### Stored data
------------------------------

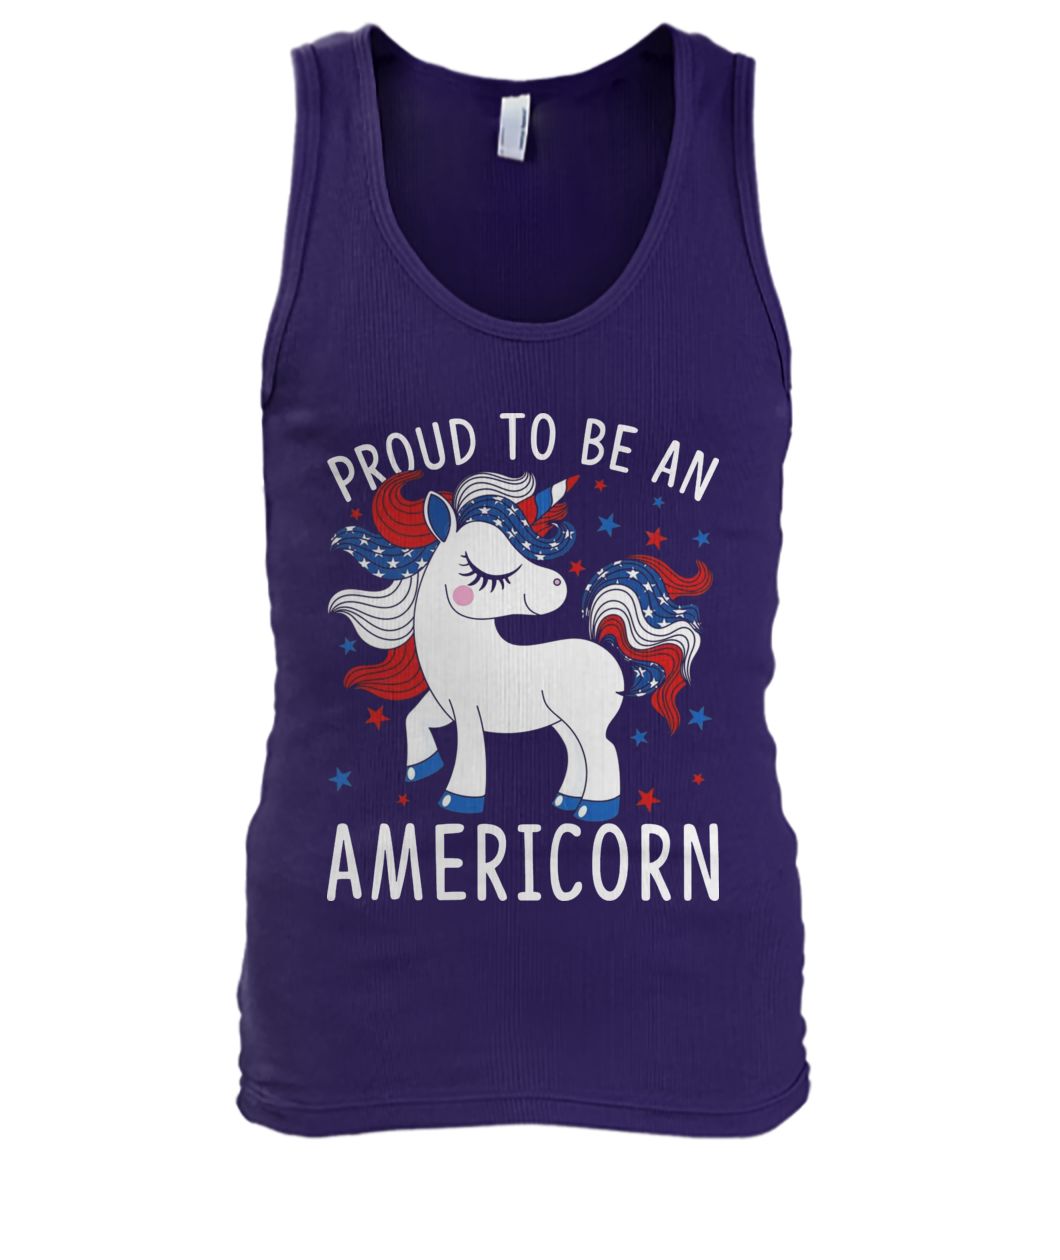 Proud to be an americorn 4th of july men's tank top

------------------------------

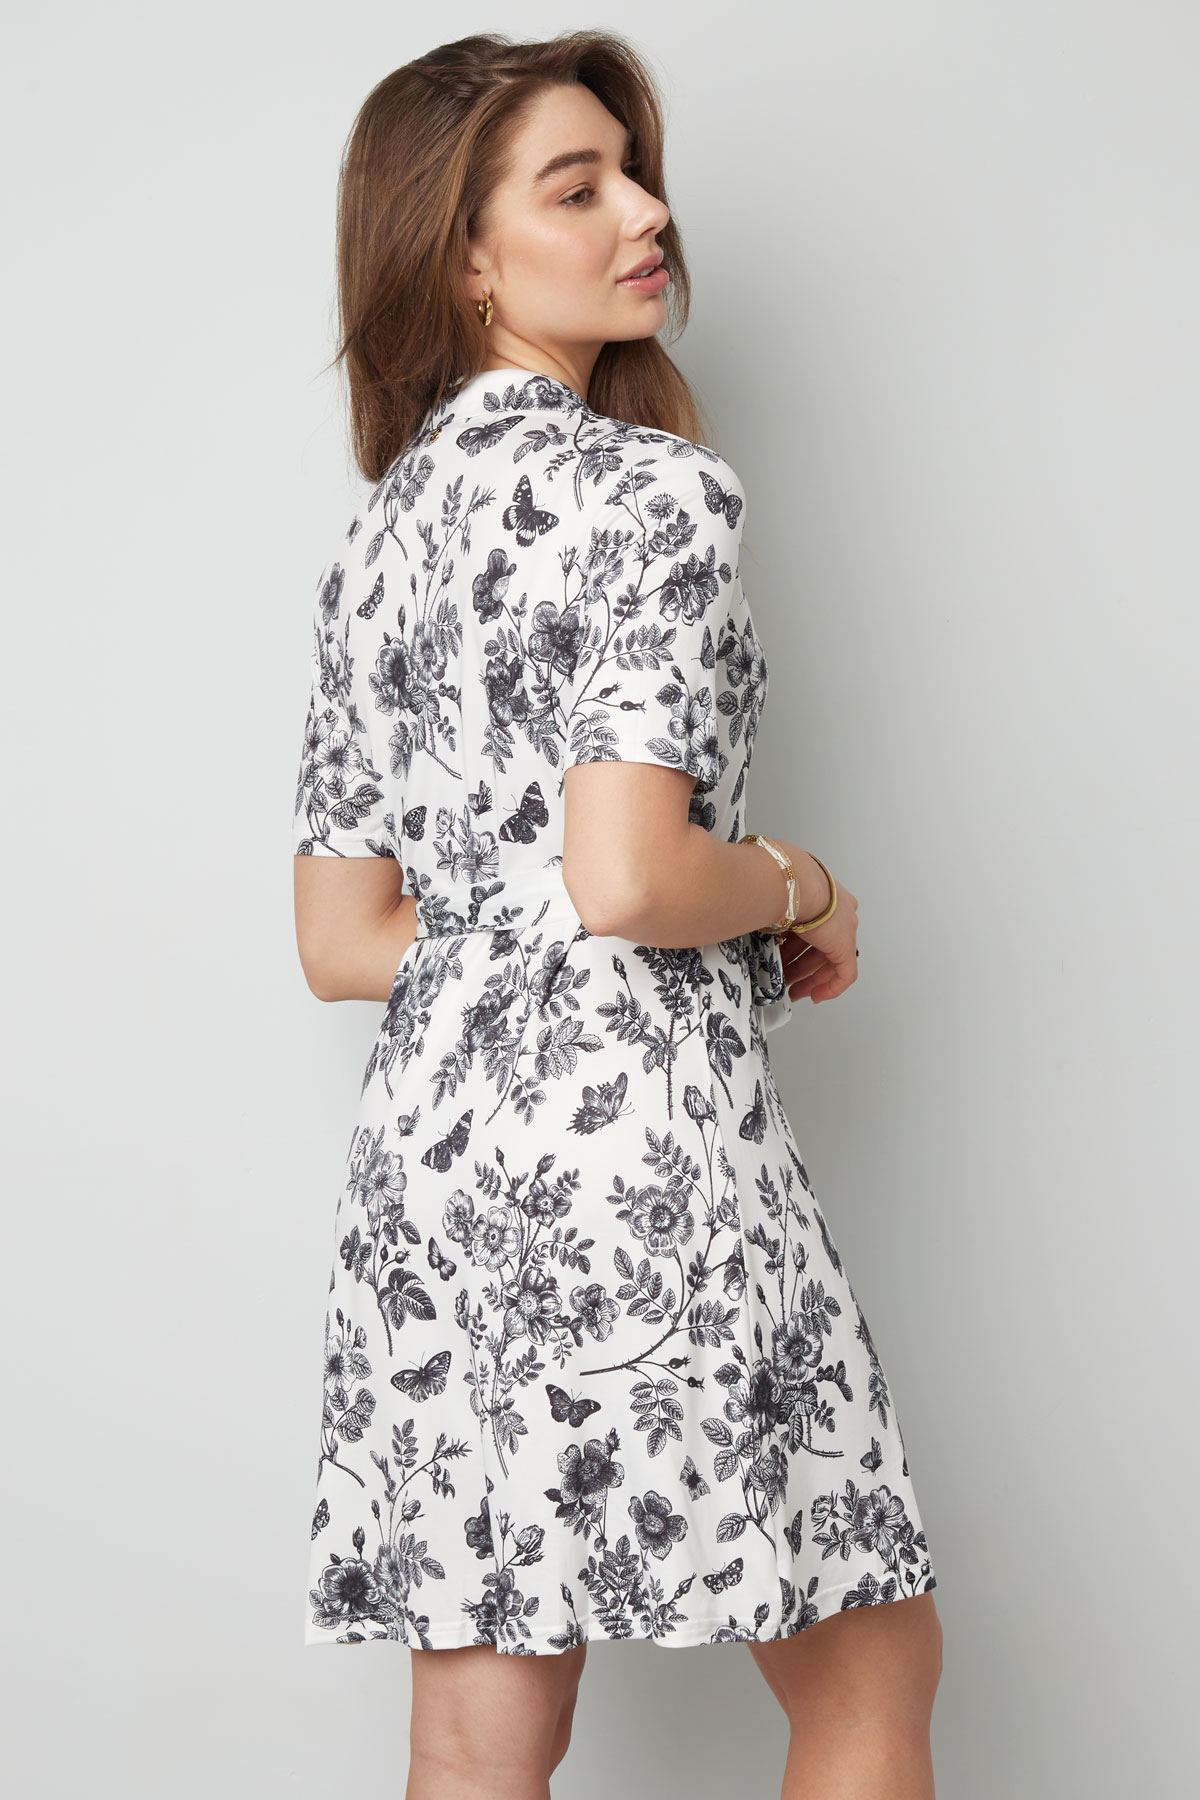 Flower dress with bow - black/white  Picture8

------------------------------

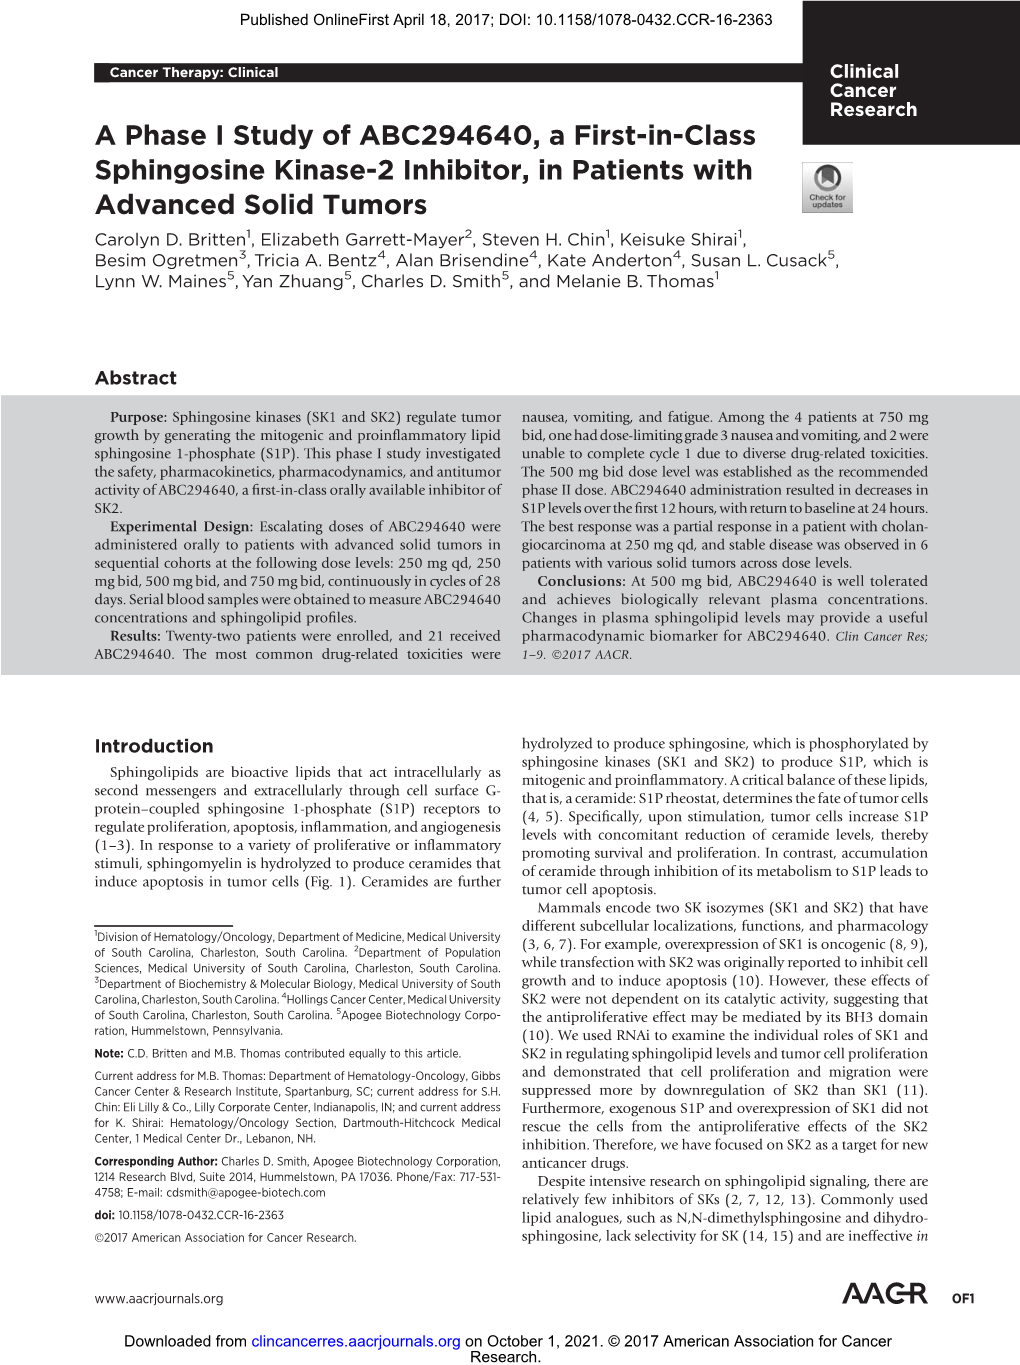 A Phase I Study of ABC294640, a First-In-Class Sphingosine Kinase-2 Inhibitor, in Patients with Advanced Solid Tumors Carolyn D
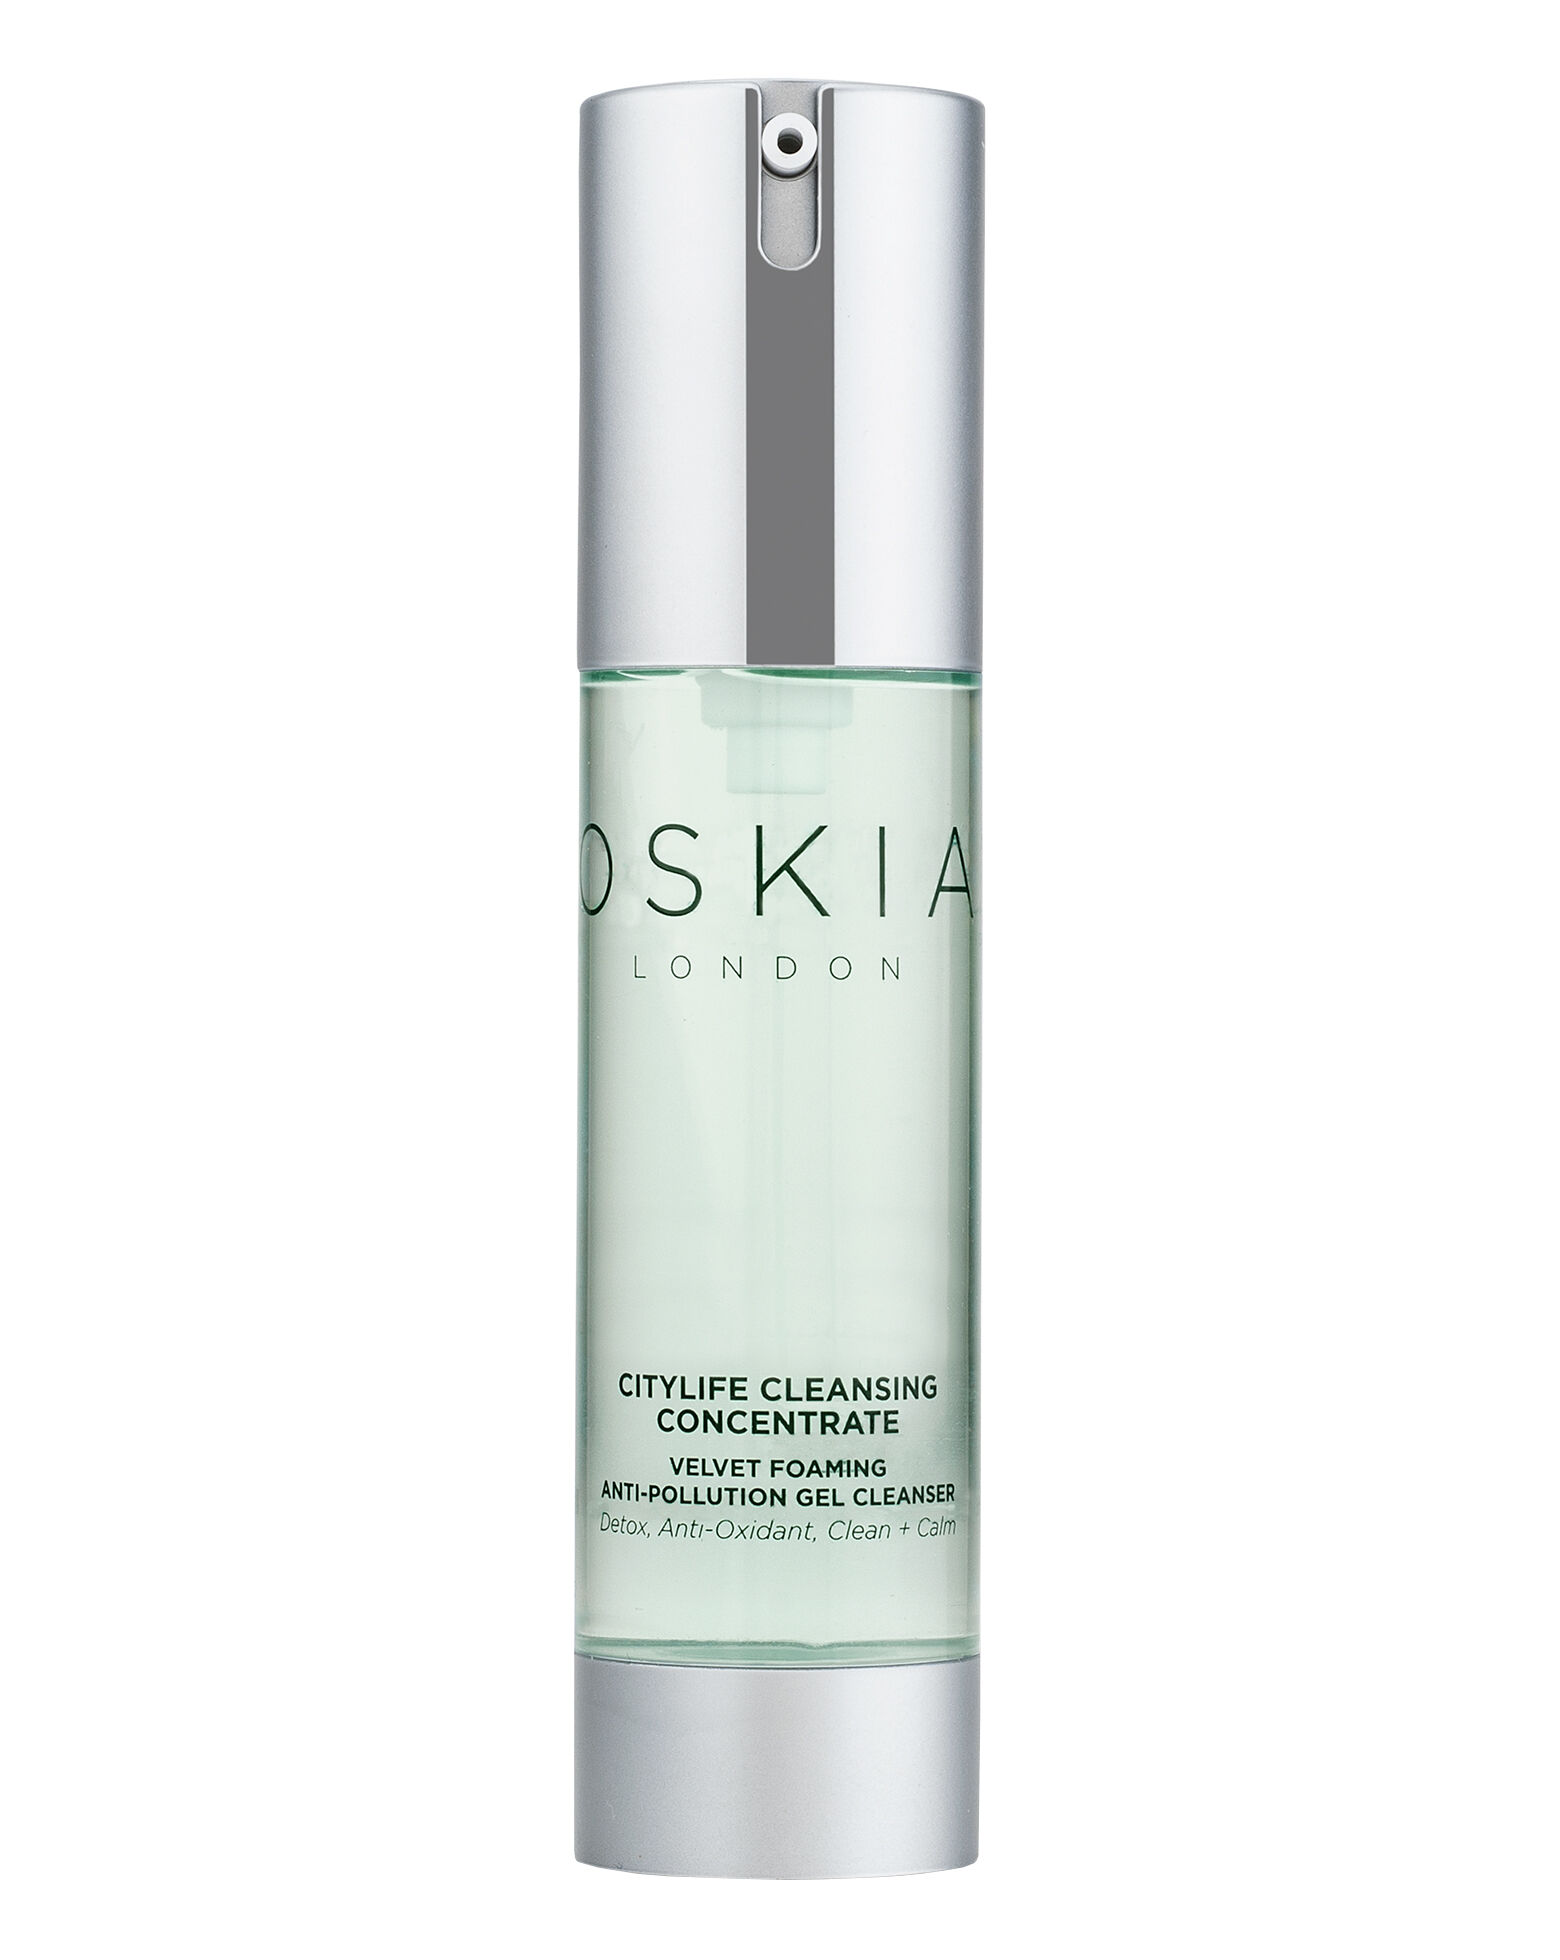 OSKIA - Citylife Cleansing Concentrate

------------------------------

### Requirement
Reproduce exactly, with no pictures, the lines above from the one holding "A Phase I Study" to the one holding "OSKIA - Citylife Cleansing Concentrate", inclusive.

### Finished task
 A Phase I Study of ABC294640, a First-In-Class Sphingosine Kinase-2 Inhibitor, in Patients with Advanced Solid Tumors Carolyn D
 OSKIA - Citylife Cleansing Concentrate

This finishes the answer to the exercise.